“Do good, feel good” isn’t just a catchphrase — it’s the truth. Recent research by Margaret Echelbarger, a behavioral scientist and assistant professor of marketing at Stony Brook University, highlighted the power of kindness in children.
Published in 2023, the study was conducted before the COVID-19 pandemic and shortly after Echelbarger earned her PhD in psychology at the University of Michigan. She worked alongside Nicholas Epley, a distinguished service professor of behavioral science at the University of Chicago. Together, they looked into prosociality in children, how they perceive simple acts of kindness and how their behavior impacts others.
Echelbarger and Epley’s research was published in the Journal of Experimental Psychology and featured in The Conversation. Echelbarger’s findings were also featured in Time for Kids on Sept. 26.
The experiment took place at the Griffin Museum of Science and Industry where children ranging from ages four to 17 were given two color-changing pencils. Similar to a previous experiment that explored prosociality in adults, the kids were given the option to keep both pencils for themselves or give one pencil to anyone they wanted.
In most cases, the child would gift their pencil to another participant if they chose to give one away. Afterward, one researcher asked the child gifting the pencil what they thought the recipient’s reaction would be. Coincidentally, another researcher found the recipient and asked them the same questions.
“Like adults, children themselves across this age range were also underestimating the positive impact that their random acts of kindness would have on other people,” Echelbarger said. “Not only as a group were they estimating how big of a deal their recipients would report their random act to be, they were also underestimating how positive their recipient would report feeling after receiving the random kindness.”
Initially, Echelbarger found the results of the study surprising. During a 30-minute interview, Echelbarger kept returning to the topic of kindness and prosocial behaviors that many children experience. Using the playground as an example, she pointed out how willing children are to play with other children they may not know or engage with strangers in public.
“I thought, ‘You know what? Maybe children just understand or appreciate that when we do good, it has perhaps a larger impact, or a more positive impact on others than we as adults may think,’” she said. “And I thought maybe better calibrated, that they might have a better sense of just how their kindness is going to be received.”
However, Echelbarger pointed out that compared to the findings of her previous studies, the results of this experiment were similar. Despite the differing experiences between children and adults, the two groups behaved similarly.
Echelbarger’s observations posed a challenge in her studies, but it is a challenge she’s willing to take on. Her background in developmental psychology helps her research as she tries to understand what behaviors change as we age and which ones remain the same. She pointed out how often adults overestimate the awkwardness of a situation, causing them to act with caution when around other people.
“[We’re] so worried about … how we’re going to look when, in fact, the people who are recipients of our prosociality tend to focus on the warmth of our acts,” Echelbarger said. “And so what strikes me as funny is that we are both givers of kindness and recipients of kindness, and how quickly we can forget how wonderful it is to be recipients of kindness.”
Echelbarger said she applied some of the study’s results to her own life. Whether in her personal life or her workplace, she reminds herself of the joy she can spread to others through small acts of kindness.
“It’s just making sure I’m putting myself out there and communicating to my friends and colleagues that, ‘I’m here and I support you, you can rely on me,’” she said.
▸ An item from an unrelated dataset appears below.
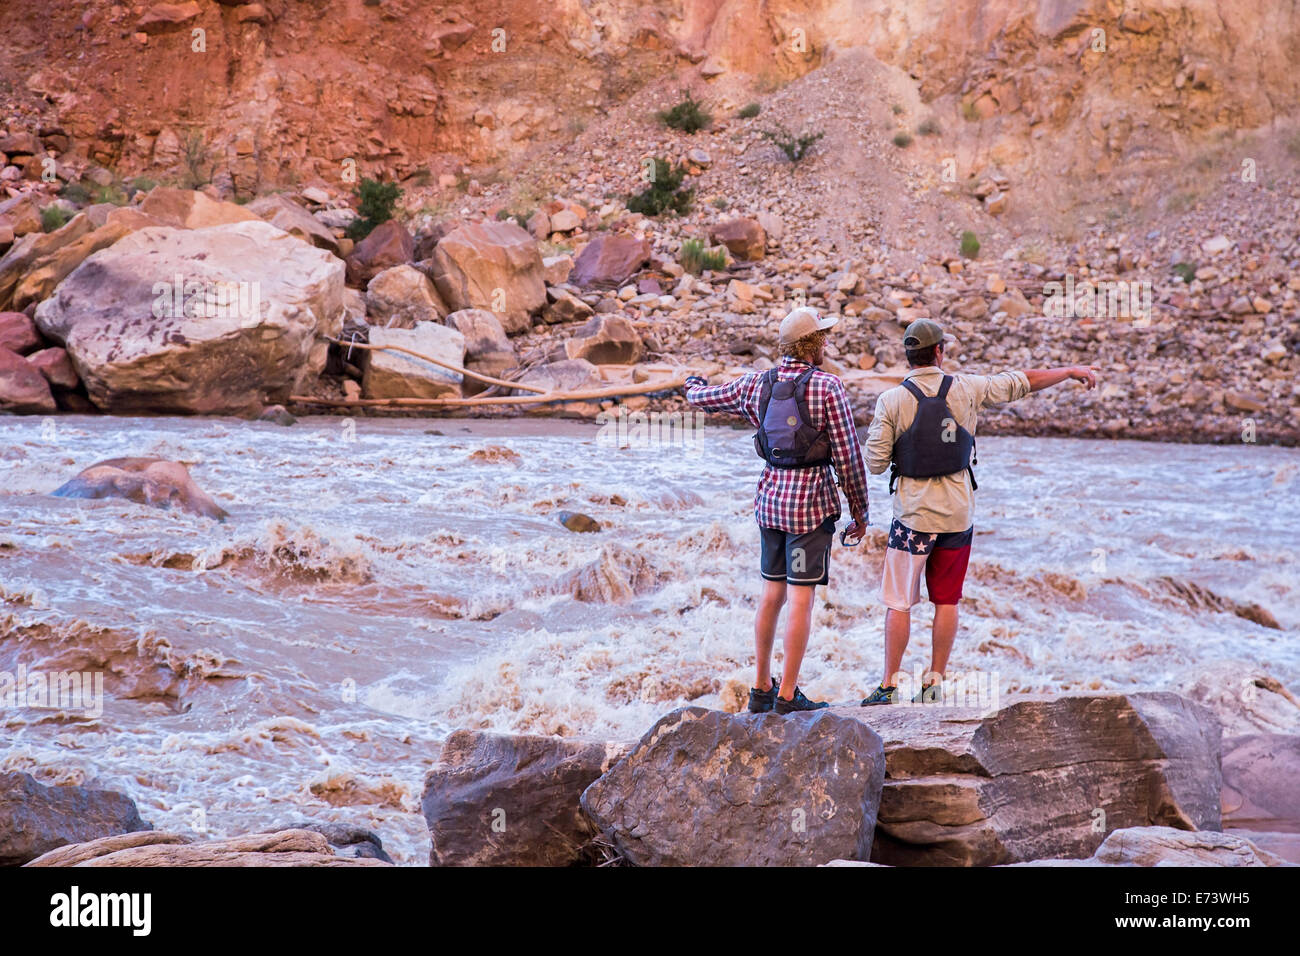 Il Parco Nazionale di Canyonlands, Utah - guide scout Grande discesa 3 rapids durante un viaggio in zattera sul fiume Colorado. Foto Stock

Echelbarger is turning her focus to a new project with a community partner in the Bronx, N.Y. With the help of Stony Brook students, she will study how caregivers and children facilitate parent-child conversations about money.
“I’ve just been the recipient of such kindness, where now, as a result of the work that I’ve done, and certainly the work of the people around me and beyond, my question is, ‘how can I help people through my research?’” Echelbarger said. “Maybe, like I said, [be] that kinder person they want to be. And so, you know, maybe I’ll have the answer for that someday.”